Answer: When disaster strikes, a company or industry often finds itself thrust into the spotlight.
With modern technology, easily accessible communications and media have made it more
important for companies to be prepared for any potential disasters or acute problems. A
company's swift and effective handling of communications during such times can have
significant implications. The best response is to be forthright and direct, reassuring the public,
and provide the media with accurate information. Cultural traditions, social and political
contexts, and economic environments in specific countries can affect PR practices. The mass
media and the written word are important vehicles for information dissemination in many of the
industrial countries. In developing countries these may not be as effective or the only source of
communication. In Ghana, dance, songs, and storytelling are important communication channels.

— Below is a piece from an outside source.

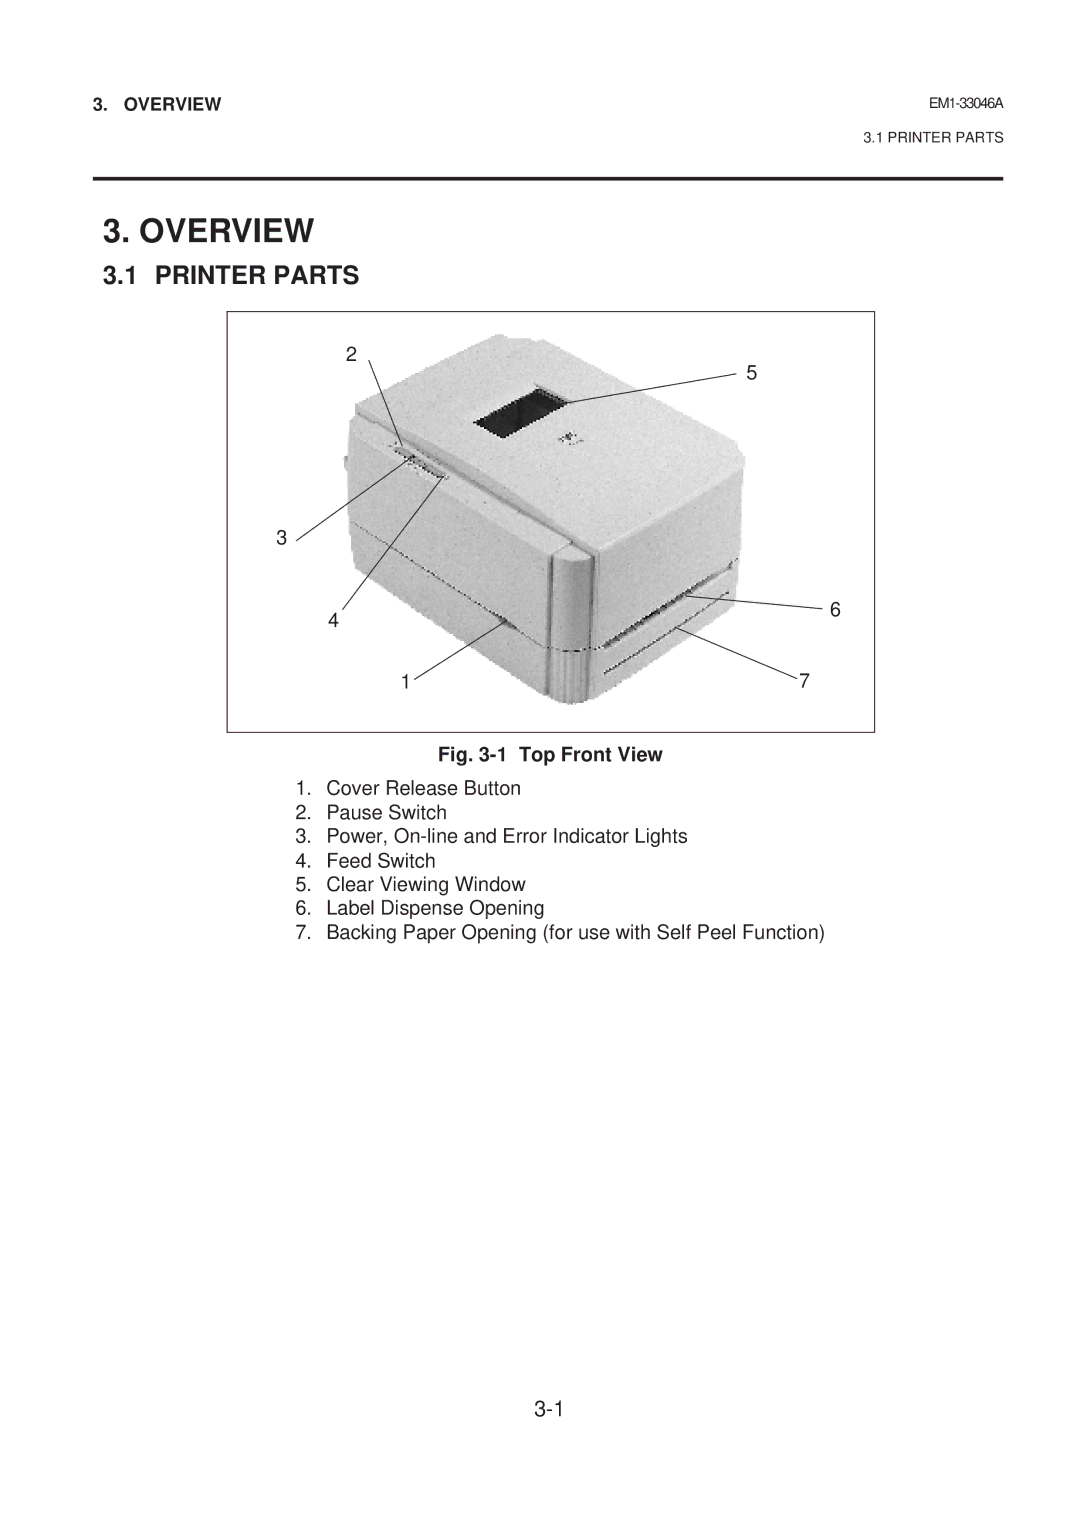 Toshiba EM1-33046AE, B-442-QP owner manual Overview, Printer Parts

In India, where half of the population cannot read, written communication is of no importance,,
mostly in the extensive rural areas. Even in industrialized nations PR practices vary to a great
extent. In the United States, the hometown news release comprises much of the news in a small,
local newspaper. In Europe, PR professionals are viewed as part of the marketing function rather
than as distinct and separate specialists in a company. A company that is ethnocentric in its
approach to PR will extend home-country PR activities into host countries. The rationale behind
this approach is that people everywhere are motivated and persuaded in much the same manner;
a company adopting a polycentric approach to PR gives the host-country practitioner more
leeway to incorporate local customs and practices into the PR effort.